Je me souviens de l’espoir suscité en 1997 quelque temps avant la victoire de la gauche plurielle en France. Mais avant ça, je me souviens surtout des amis gallois pour qui la défaite de 1992 avait un goût amer. Elle semblait marquer un échec définitif tant le parti travailliste avait tenté de se rénover. Neil Kinnock avait marginalisé la gauche traditionnelle à grand renfort d’exclusion et il semblait que le temps des travaillistes était arrivé.

Mais il fallut le courage des plus jeunes parlementaires, Gordon Brown et Tony Blair en tête, pour reprendre l’offensive. Car le chemin vers la victoire de 1997 n’était pas un long fleuve tranquille. John Smith reprit le travail entrepris par son prédécesseur. Et, à sa mort en 1994, c’est au tour de Tony Blair d’hériter de la direction du parti. Il est de ces gens qui sont résolus à ce que le parti ne perde plus sa crédibilité. En effet, les années 80 lui auront été fatales.
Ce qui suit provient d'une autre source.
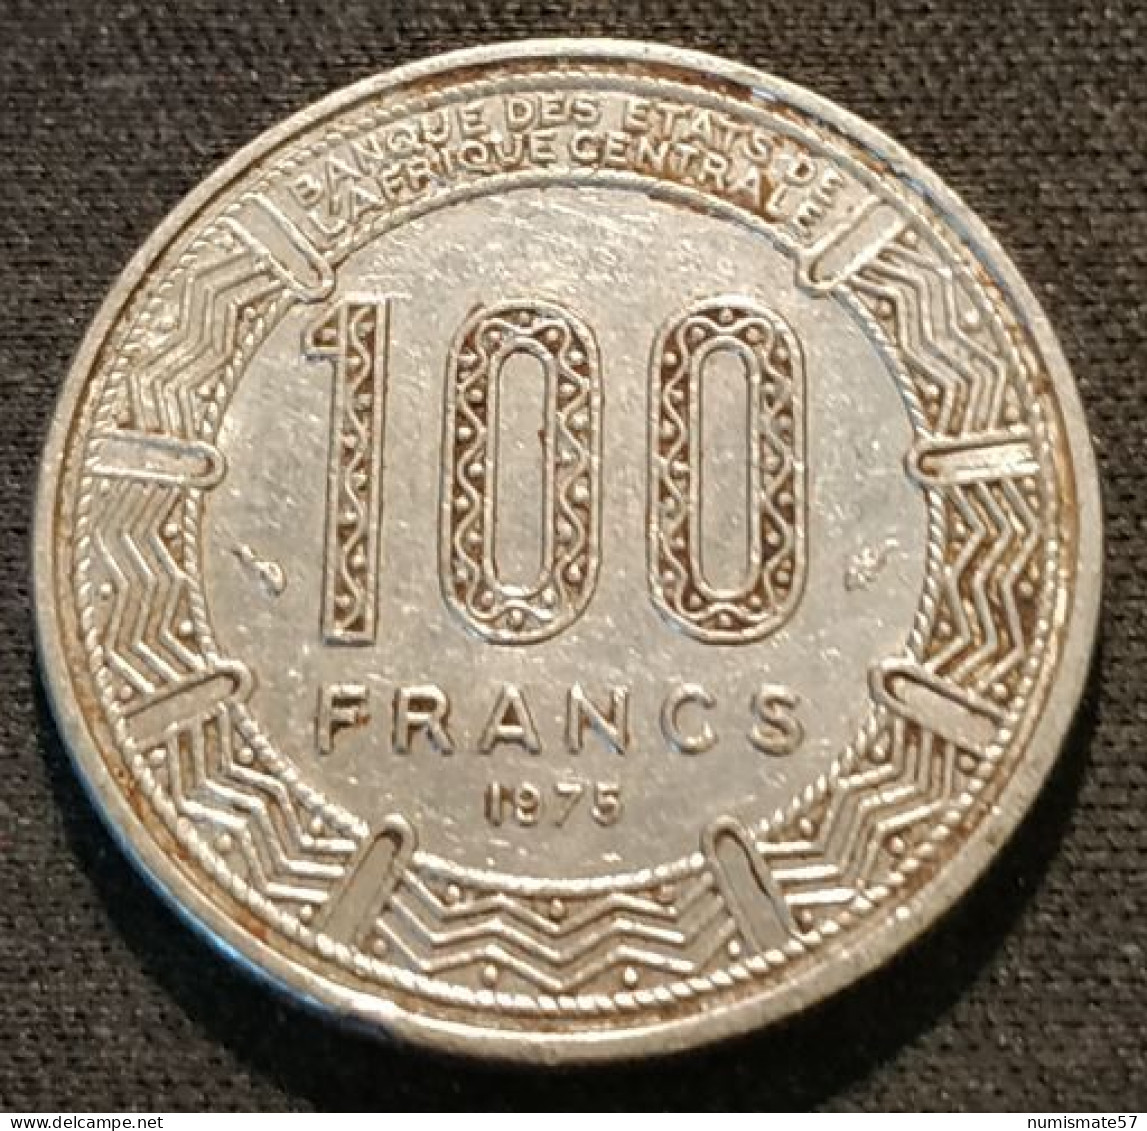 CAMEROUN - 100 FRANCS 1975 - KM 17 - Cameroun

Le parti travailliste avait l’image du parti de l’impôt lourd et de l’argent public gaspillé, d’un pantin aux mains des syndicats, d’une entité s’intéressant davantage aux minorités qu’aux gens ordinaires et un piètre défenseur du pays face à d’éventuels agresseurs. La figure invitée sur les plateaux télévision qui témoigne le mieux de cette époque est une militante de Liverpool, lesbienne et féministe, à jour de ses cotisations au parti travailliste.

Avec Tony Blair, c’est la perspective d’une politique économique et budgétaire plus rigoureuse qui s’ouvre. Le parti devient responsable, il se recentre et se tourne vers l’avenir et vers un électorat plus large. D’ailleurs, avec la vague des nouveaux parlementaires, c’est un vent de panique qui s’empare de la nouvelle équipe au pouvoir. Peter Mendelson est préposé à la découverte de ces élus de la dernière heure et dont on ne connaît rien. Car dans le système britannique, le Parlement est tout puissant et il faut éviter tout couac pour installer l’action des nouveaux travaillistes dans la durée. Ce sont les limites de la méthode Blair qui ne souffre aucune contestation.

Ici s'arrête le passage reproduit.